Projects in the AI3 steer key development efforts for LLNL's programs. AI3 will serve as the foundation for a cohesive view of AI for applied science, built upon LLNL’s cognitive simulation approach that combines state-of-the-art AI technologies with leading-edge supercomputing. The approach has sparked improvements in models for inertial confinement fusion (ICF), predictive biology, advanced manufacturing, and other areas. We also plan to develop and democratize large datasets to share with the broader scientific community, and to create open benchmarks to run on some of the world’s fastest supercomputers, testing the limits and potential of AI at the largest scale of science and technology.
Accelerated Material Discovery
HPC-scale AI for molecule development and synthesis
Generative AI models have made headway in suggesting new concepts with specified molecular properties for small molecules, peptides, and gene sequences, so we see an opportunity to explore that technology for materials science. High-performance technical applications in industry, energy, transportation, and medicine are dependent on a variety of materials. We are working developing large new large datasets for ML and applying AI on our supercomputers. Specifically, we're focusing on materials with complex synthesis and polymeric properties. In addition to creating public datasets drawing from public databases and data found in scientific literature, we are coming up with new generative modeling approaches to suggest molecular and complex polymer specifications (molecular structure, synthesis, processing) for targeted high-performance properties.

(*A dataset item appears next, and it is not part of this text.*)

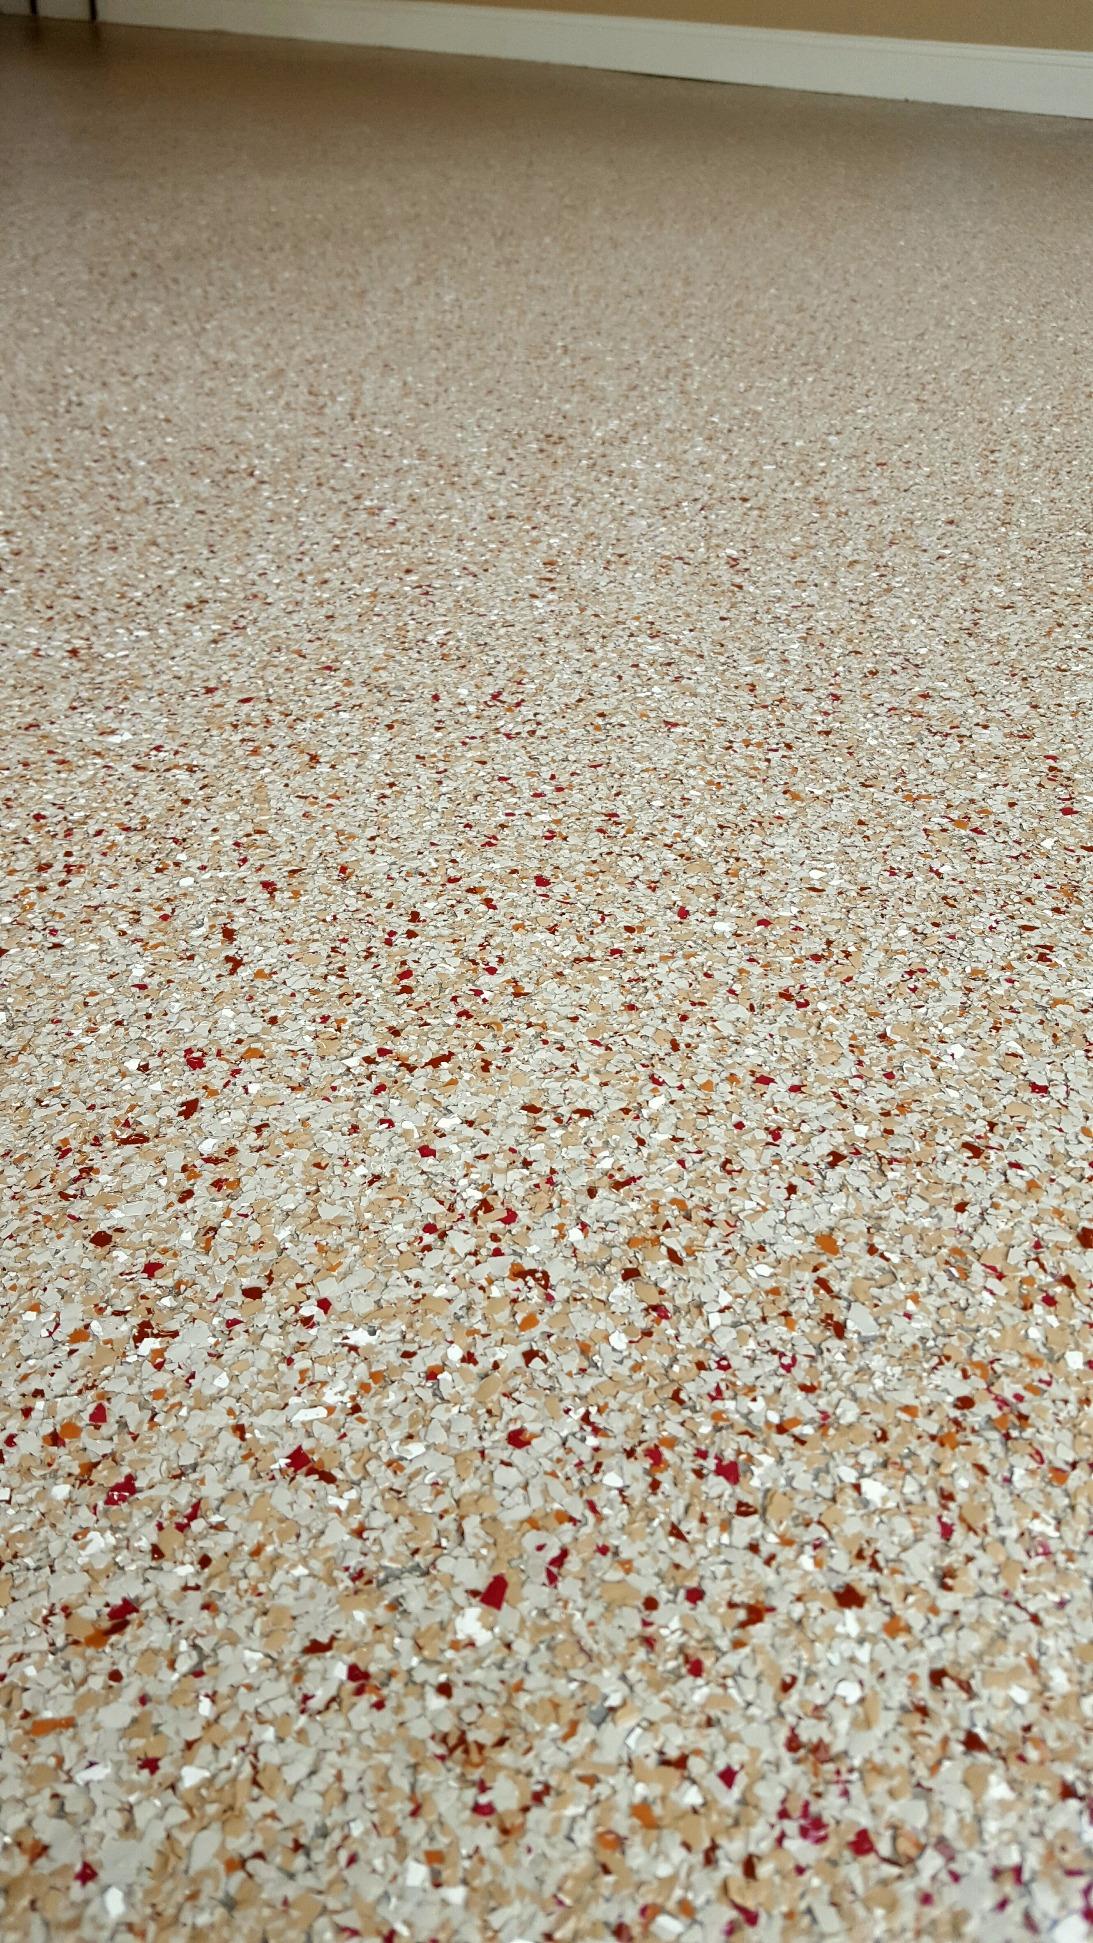 Southeast Concrete Solutions, LLC image 58

Unsupervised Learning & Design
AI theory, software, and hardware for experiment analysis and design
Detailed simulation models rely on approximations that prevent them from perfectly predicting the real world. New AI techniques allow us to combine simulation and experimental data to improve these predictions. In this project, we're developing AI and statistical tools (i.e., theory and software) to improve our prediction models and leveraging computational hardware (e.g., cloud vs. on-premises solutions) that enables these new tools. This effort requires exploring questions about (1) the acceptable level of discrepancy between simulations and experiments while still producing reliable predictions, (2) statistical analysis of likelihoods and other factors, and (3) computational costs and tradeoffs. One of our goals is to produce a roadmap for AI-based model improvement that works across a range of scientific applications including predictive biology, climate science, and ICF experiments and simulations.
“Self-driving” capability to select experimental parameters
Executing experiments requires enormous efforts from scientists to perform routine analysis, compare experimental data with simulations, and develop the conditions for the next experiment. New facilities, like high-repetition-rate high-intensity lasers, produce huge amounts of data on timescales far too fast for humans to select the next experiment. We're exploring AI tools and computational hardware to combine simulation models and real-time experimental data with less human intervention. Such automated methods for experimental execution will allow facilities to “self-drive” (or experiments to “self-steer”) to collect more and higher quality data, deliver improved experimental performance, generate better predictive models, and increase exploration of the experimental regime. Applications in multiple scientific domains are possible. Our testbed will be a high-repetition-rate laser that executes experiments 3 times per second. The goal will be to develop very bright, high-energy proton beams tailored for specific science and medical applications, while improving our models of the underlying phenomena.
AI methods for improving production parts and processes
Advanced manufacturing production processes, including 3D printing, are complex and produce parts that require careful inspection to ensure they are high quality and defect-free. Working with industry partners, we're using new AI techniques to build detailed computer models of manufacturing processes and parts. These “digital twins” (i.e., a virtual representation of a real object) are used in conjunction with other ML techniques to optimize the process, catch existing errors, prevent new ones, and ensure the timely delivery of high-quality parts. This effort has implications for stockpile stewardship and other mission areas where advanced materials are needed.
Hardware Accelerators & Compute Power
Next-generation HPC resources to drive AI capabilities
The repetitive calculations necessary for AI algorithms can potentially be done far faster on cutting-edge computer chips. When paired with traditional supercomputers, AI accelerators can potentially speed up and improve simulations of fluid flow, drug design, nuclear fusion, and more. We're exploring new ways to run scientific simulations using these accelerators with an eye toward defining the next-generation of supercomputing platform. (Cerebras and SambaNova partnerships are recent examples.) Alongside this effort, we're looking ahead to the arrival of El Capitan, the Lab's first exascale HPC system coming online in a couple of years. capable of running more than 1 quintillion (1018) calculations per second, El Capitan will open up new possibilities for numerical simulation and design. We're developing a novel AI-driven approach to ICF design that takes full advantage of this. Our approach uses millions of simulations of fusion implosions to find an optimal digital design—essentially a "deepfake" physics design. Capitalizing on LLNL's recent experimental success generating over a millijoule of fusion energy, we will fire our “deepfake” digital design with the goal of bringing it to life at the Lab's National Ignition Facility.